If i were still using adobe reader i think i'd rather open an unknown exe than pdf.
It's actually quite simple in this case, though: you can specify, on the command line, a log file (with full path and extension). Then, you can specify "echo" commands which will be written to the log file. These lines will appear at the top of the log, before any of the game's usual log spew. So yes, you can guarantee that the lines for "download this arbitrary executable and run it" appear at the top of the batch script.
If you want to, you can even then put an exit instruction in the script, so the user doesn't even see the script window full of game spew. Of course, by that time they'd already be owned anyhow...
There's no place I could be, since I've found Serenity...
Valve just pushed out an update for Half-Life 2: Deathmatch, Day of Defeat: Source, and Team Fortress 2 that is supposed to fix the con_logfile bug in those games.
Unfortunately, their other multiplayer games remain unpatched, most notably Counter-Strike: Source and Counter-Strike: Global Offensive.
GLaDOS for President 2016! "Well here we are again. It's always such a pleasure." -- GLaDOS, 2011
The study suggests and relies upon the fact that the victim:
1. Has acquired already malicious content (e.g. an autostart .bat command set).
2. Has no security knowledge and does stupid things like allowing random escalated privileges, UAC control prompt bypasses and (successful socially engineered attacks) knowingly runs remotely acquired code.
All software has the kind of vulnerabilities as the study describes about Steam. If the attacker already has access to the victim's computer by the means of (1) and (2), there is no reason why to make things complicated by utilizing Steam's weaknesses. You'd have 100% access anyway to all parts of the computer.

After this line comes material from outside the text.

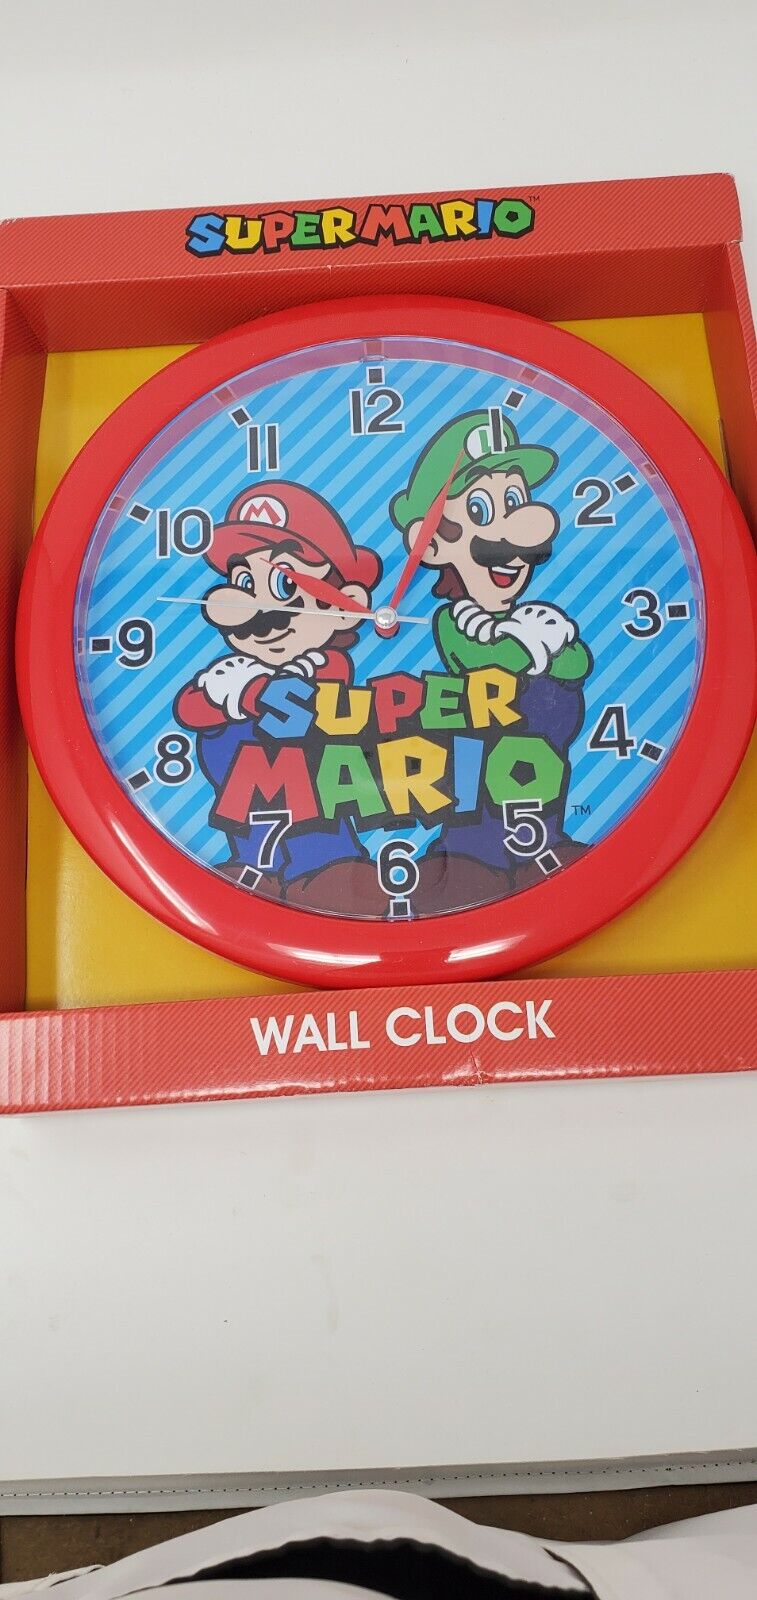 Super mario wall clock
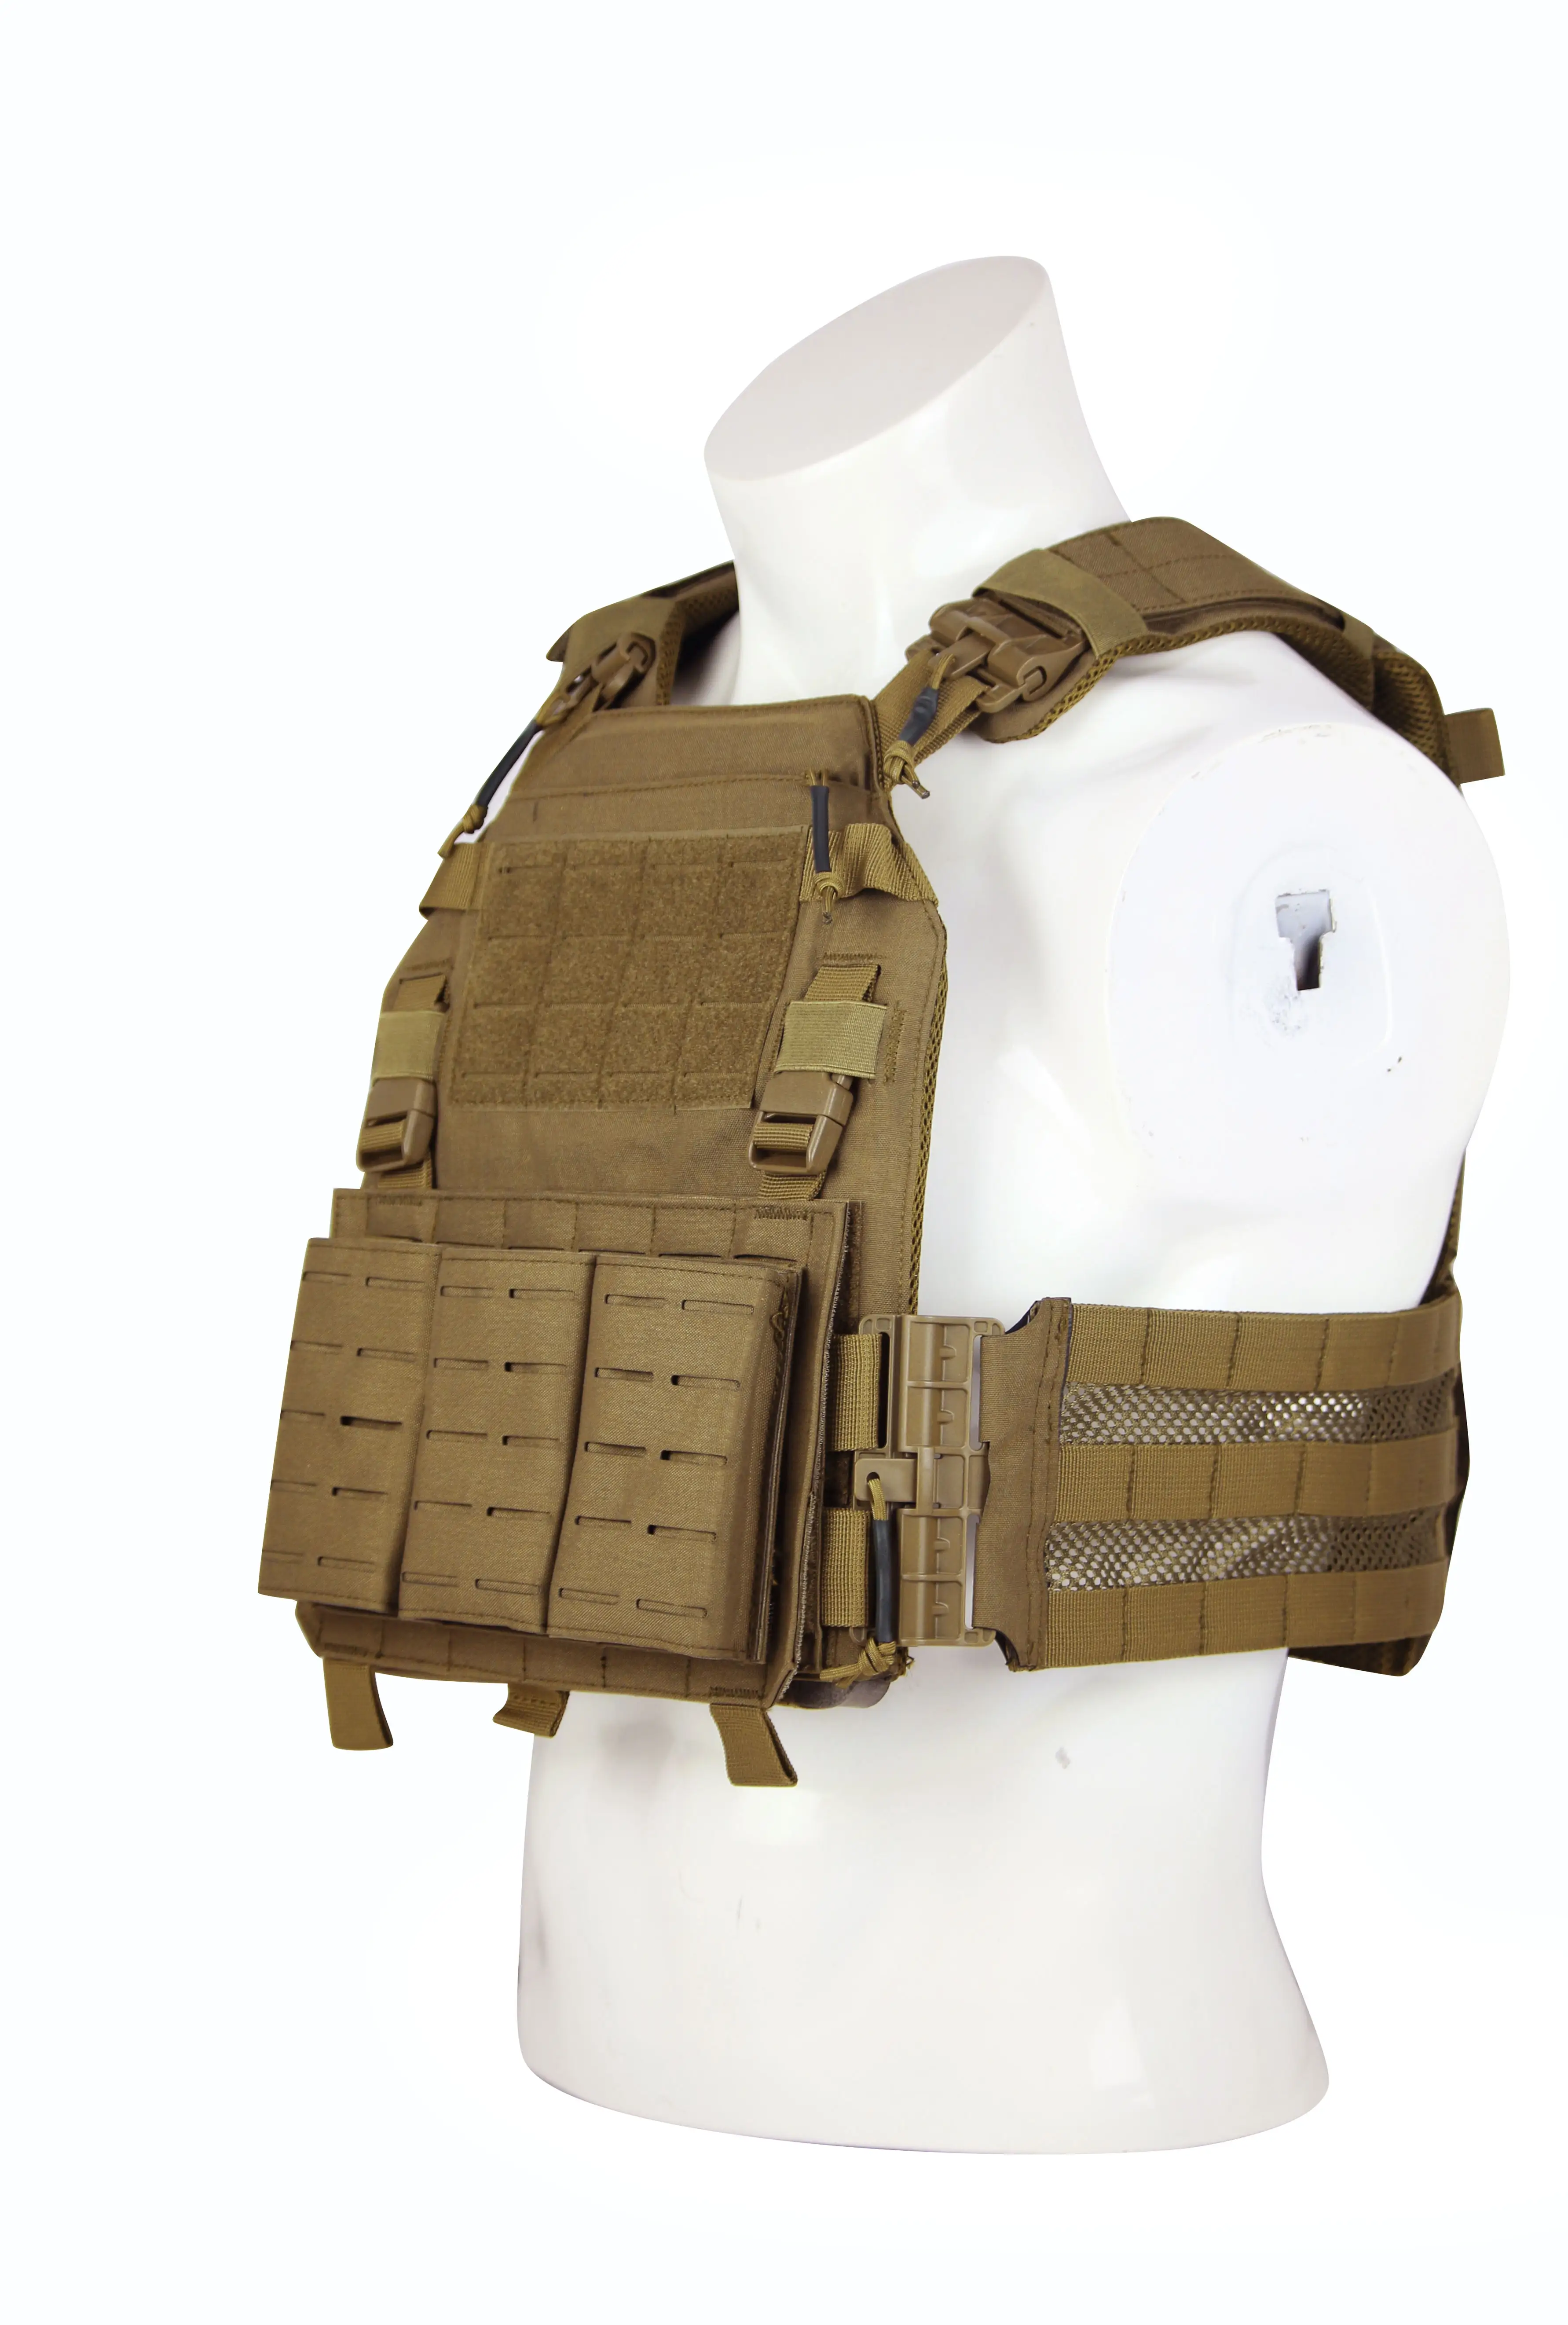 Explosieve Modellen Od Plaat Drager Safrty Vest Buiten Activiteiten Duurzaam Tactisch Vest

Steam is DRM. Like just about every other piece of DRM before it, steam has security holes.
So Steam does bad things (prevent[1] you from playing the games you stupidly bought legally instead of downloading the cracked version), and it does even more bad things (allow people to control your computer).
This makes Steam no different from other DRM. The people who have been praising Steam for not being as bad as other forms of DRM have now been proven wrong.
[1] Read the posts about being unable to "go offline" with no internet connection available. When I have no internet connection available, that's when I have nothing better to do than play games.
Potential attackers would, of course, first have to establish which games are installed on the target computer.
Steam community, wot?
While these exploits are things that should be fixed, it's not as if they are practical to exploit, seeing the level of specific knowledge you need of the targeted user etc.; it's not like your average Flash zero-day, nobodies going to write a wide-scale exploit based on this, and it's not really notable for a Slashdot front page post (I'd go so far as to say the report is more attention seeking than substance).
That said, Valve definitely should fix this up, and I'd say it won't be long before they do.
I can speak from experience though, that all games are chock-full of exploitable code, and generally it never gets fixed because the developers don't judge it as economical to do so, until stuff is actually being exploited and becomes a nuisance to players (even then, usually stuff only gets exploited like that once devs have moved on from supporting the game in question, meaning nothing gets fixed); that would be a more noteworthy story to see on Slashdot.
Disclaimer: Game developer and minor reverse-engineer enthusiast.